Registered office address- While going for the registration of the company, the owner should provide the temporary address of the company until it does not get register. However when the company has been registered then the permanent address of its registered office should be suited with the registrar of the company. The Registered office of the company is where the company’s main affairs are been conducted and where all the documents are placed.
Obtaining a digital signature certificate- In today’s modern world everything is done online. All documents are submitted electronically and for that, every company must obtain a digital signature certificate which is used to verify the authenticity of the documents. A digital signature is obtained by all the directors which are marked on all the documents by every director.
Professional certification- In a company there are many
professionals which have required for many purposes.
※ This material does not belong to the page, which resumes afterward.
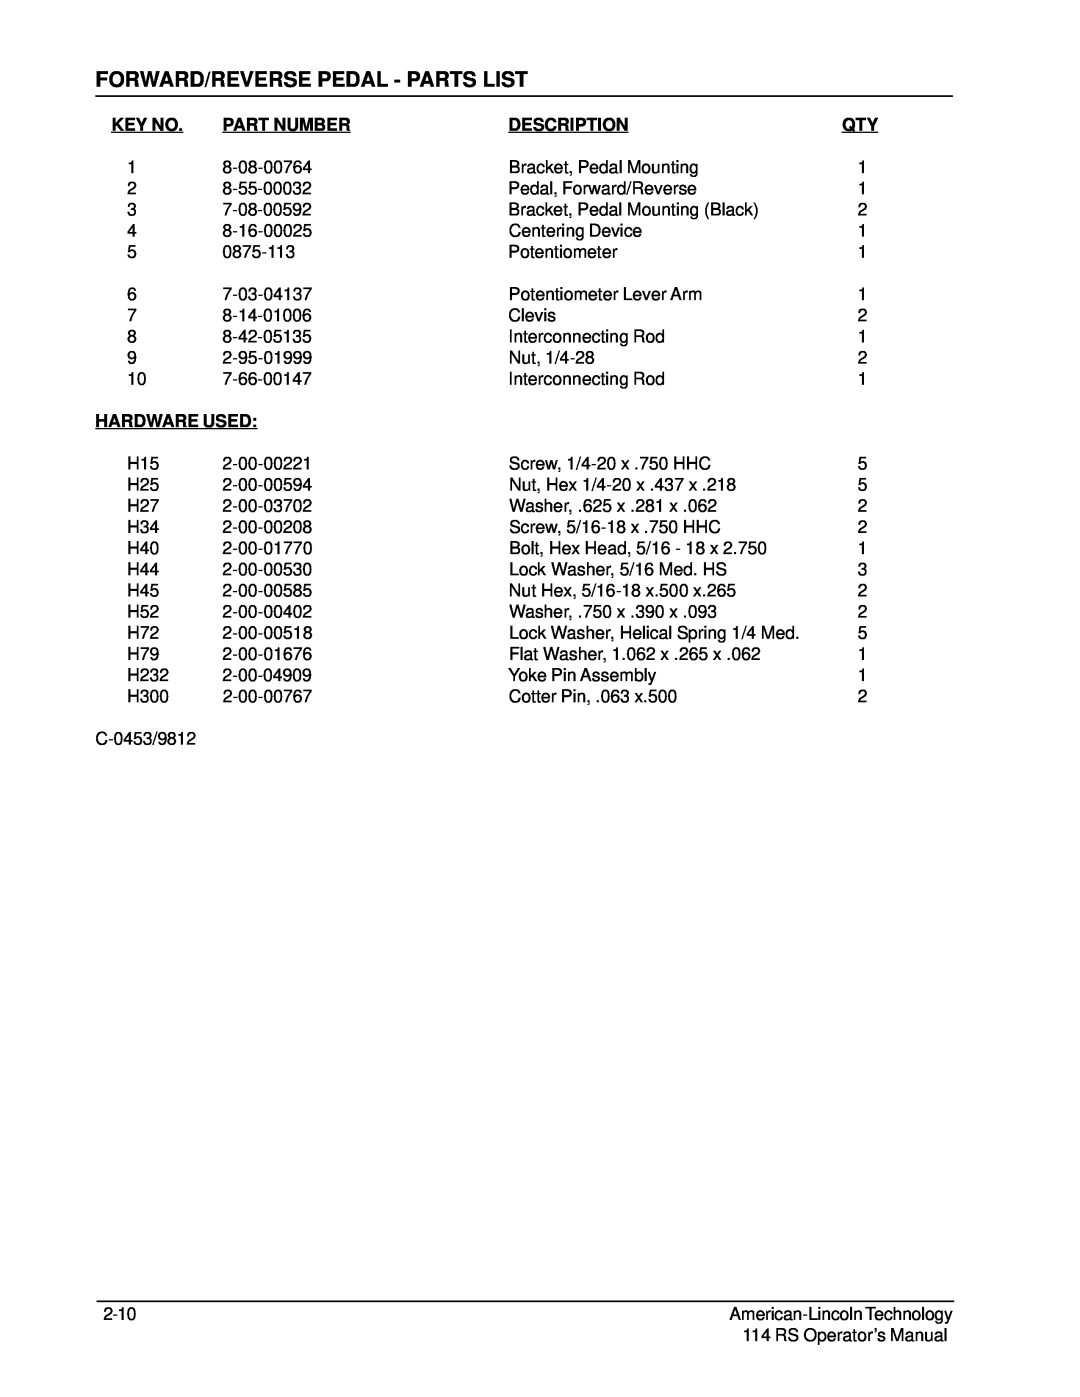 Nilfisk-ALTO 114RS SWEEPER manual Forward/Reverse Pedal - Parts List, Part Number, Description, Hardware Used 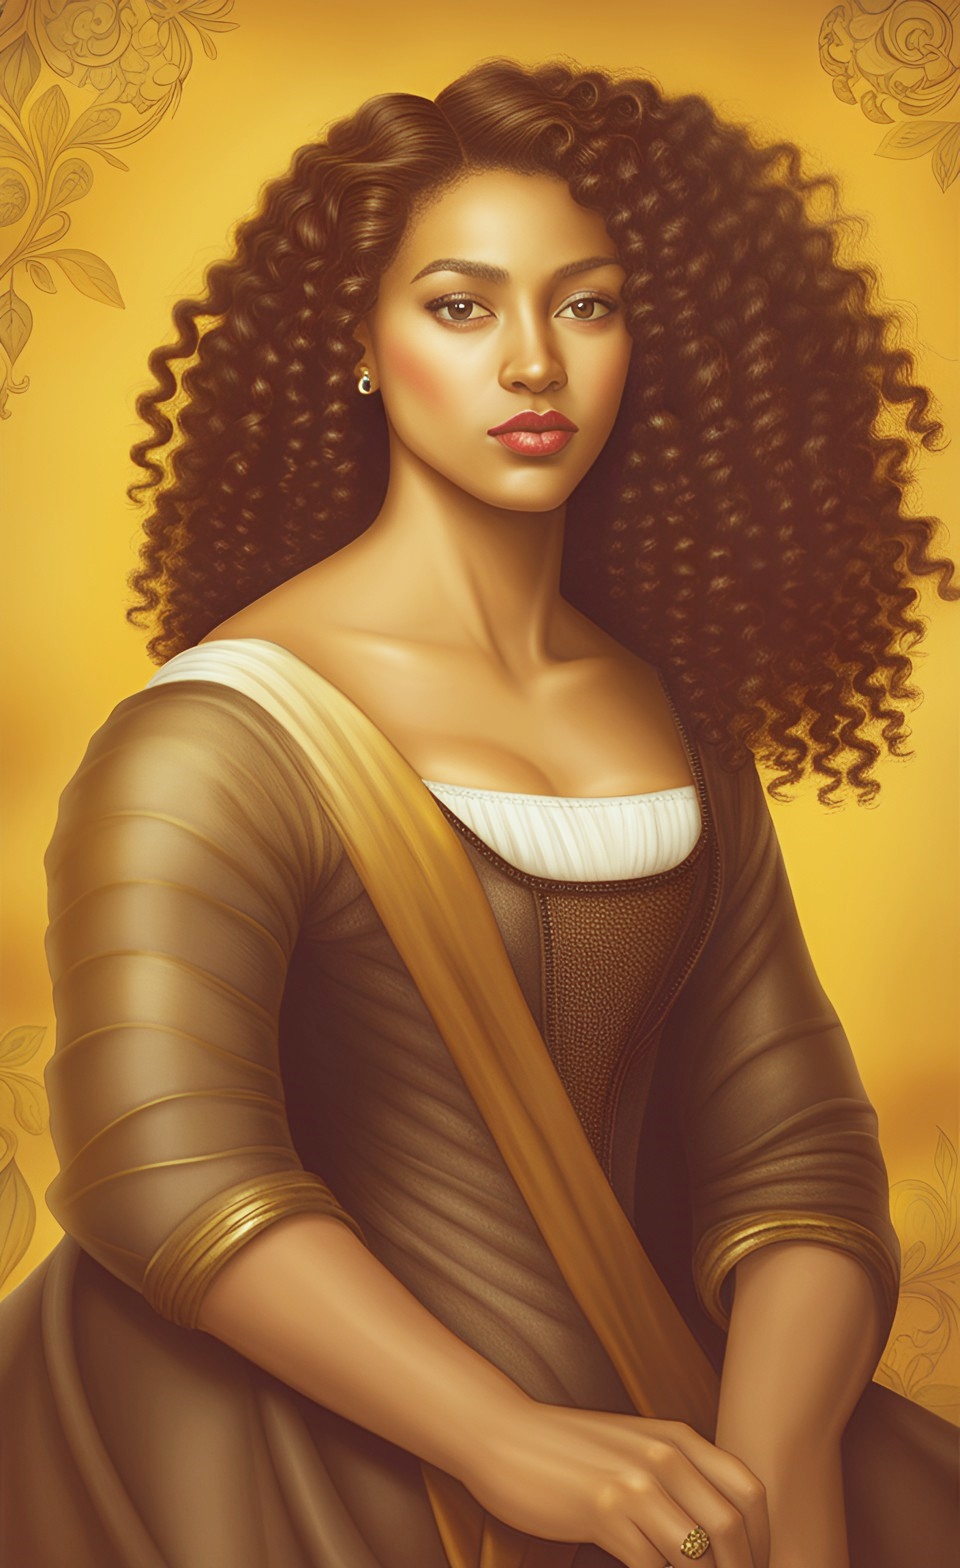 Beautiful iconic art work of mixed-race women Dreamc22

For incorporating a
private limited company certification by these professionals are necessary.
Various professionals such as company secretary, chartered accountants, cost accountants,
etc are required to make their certification at the time of company
incorporation.
In a public company, regulation and ownership of shares can be sold to the public on an open market. On the other hand, in a private company, shares can be sold or transferred to other people by the choice of the owner. Shares of such companies are owned by founders, management, or a group of private investors. Shares here are not sold in the open market. Thus there will be less number of shareholders. This means less complexity and confusion in decision-making and management.
For a private company, a minimum number of required shareholders is 2, whereas, for a public company, you require a minimum of 7 shareholders.
Legal formalities are sometimes very expensive and time-consuming, aren’t they? If you’re planning to start a public company, you better be prepared because there is a long list of legal formalities for forming a public company. Private companies have a comparatively shorter list.
A public company is required to disclose their financial reports to the public every quarter, as it will affect public investment; private companies are not subjected to any such compulsion.
Management and decision-making become more complex and confusing in public companies as more number of shareholders is to be consulted. This complex procedure is eliminated in a private company as the number of shareholders is less.
Private companies are not pressurized by the stock market and you don’t have to worry about shareholder expectations and interference as long as they work within the law. Shareholders in public companies are focused on current earnings and they exert pressure on the company to increase earnings.
Managers of public companies are pressurized to increase earnings in the short term in order to increase the value of their stock. Private companies can focus on long-term earnings as such pressure is eliminated.
You will be needing a lot of money for a public company. A public company requires a minimum share capital of Rs. 5,00,000. For a private company, the earlier minimum number of the share capital was Rs. 1,00,000, but now there is no such minimum compulsion. Therefore there is no pressure of fund requirements.
It is obviously not appropriate, for competitors to know
about your business secrets. Confidential information such as executive
compensation, legal settlements, and other essential information cannot be kept
reserved in public companies. Such information is more secure in a private
company.
Therefore, a Private Limited Company is less complicated compared to a Public company. It is comparatively less expensive and less time-consuming.